Isabel Díaz Ayuso, a líder conservadora de Madrid, disse que ficou surpresa que “um católico que fala espanhol fale assim”, acrescentando que a Espanha trouxe “civilização e liberdade” para as Américas. E um ex-primeiro-ministro disse que estava orgulhoso da conquista.
As reações, na véspera da celebração da versão do Dia de Colombo pela Espanha, foram menos sobre a história e mais sobre o atual momento político da Espanha: até onde os conservadores do país deveriam inclinar-se para o nacionalismo na tentativa de aumentar sua popularidade?

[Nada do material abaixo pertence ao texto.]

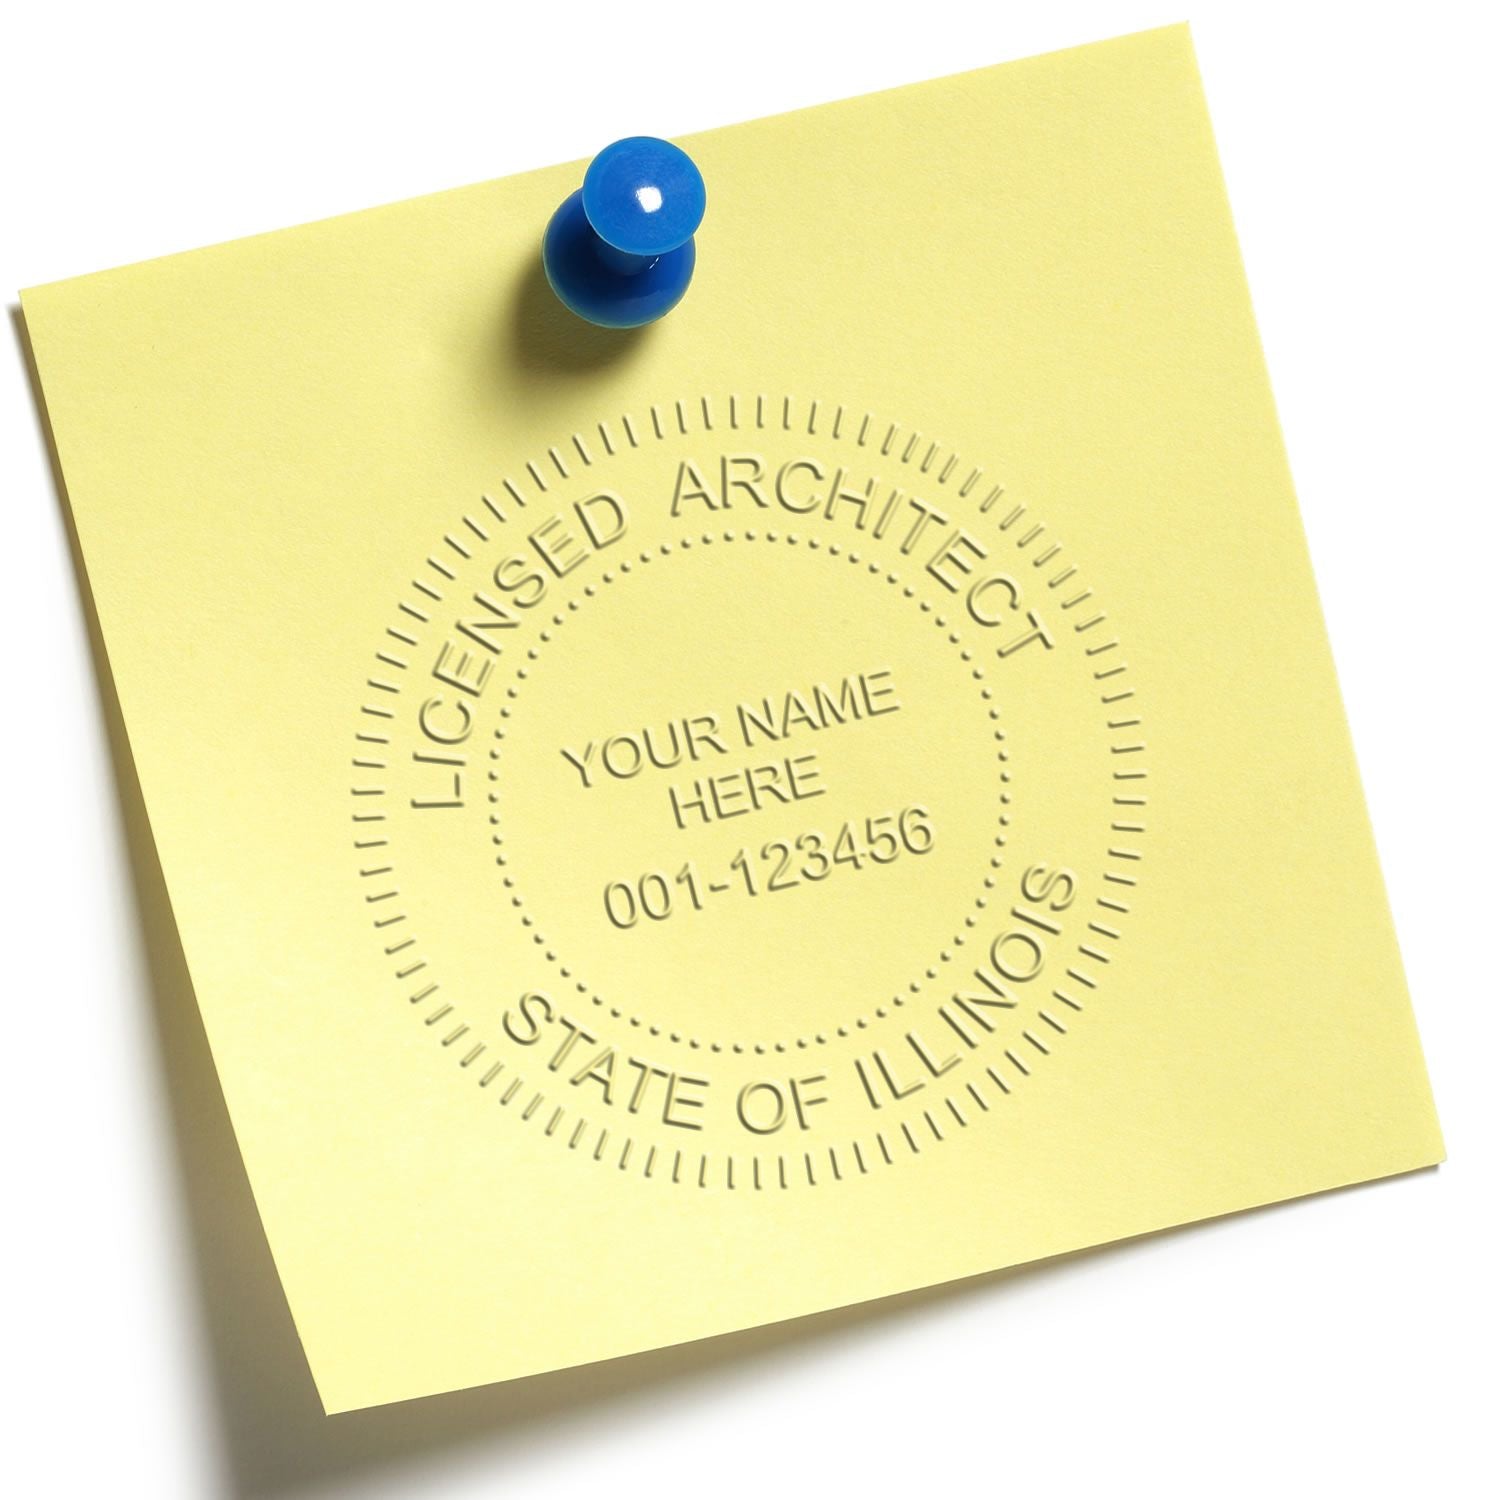 The main image for the Extended Long Reach Illinois Architect Seal Embosser depicting a sample of the imprint and electronic files

É particularmente preocupante em um país que ainda carrega o peso da memória não tão distante da ditadura de Francisco Franco. Franco governou até sua morte em 1975, alimentando o sentimento nacionalista com símbolos sagrados como a cruz, a bandeira e as touradas.
O Partido Popular de Ayuso foi fundado décadas atrás por políticos do regime de Franco que queriam virar uma nova página. Eles agiam com cautela quando se tratava de nacionalismo, desconfiados de qualquer acusação de retorno ao passado.
José Manuel García-Margallo, que atuou como ministro das Relações Exteriores no governo do Partido Popular em meados da década de 2010, disse que o partido precisava se manter no meio do caminho ou corre o risco de perder o rumo.
“Esta é a nossa missão agora: voltar ao centro”, disse ele.
A retórica recente da direita atraiu a atenção dos políticos de esquerda, que dizem temer que o centro conservador na Espanha esteja se tornando mais extremo, muito parecido com o ímpeto que trouxe Brexit e Donald Trump para a corrente conservadora dominante na Grã-Bretanha e nos Estados Unidos.
“O trumpismo teve uma influência muito importante, não apenas na América, mas também na Europa e na Espanha”, disse Manuela Carmena, juíza aposentada e ex-prefeita de esquerda de Madri.
Por muitos anos, o Partido Popular “teve duas almas diferentes”, disse ela, uma moderada, a outra nem tanto. E, disse ela, o lado extremo ganhou terreno.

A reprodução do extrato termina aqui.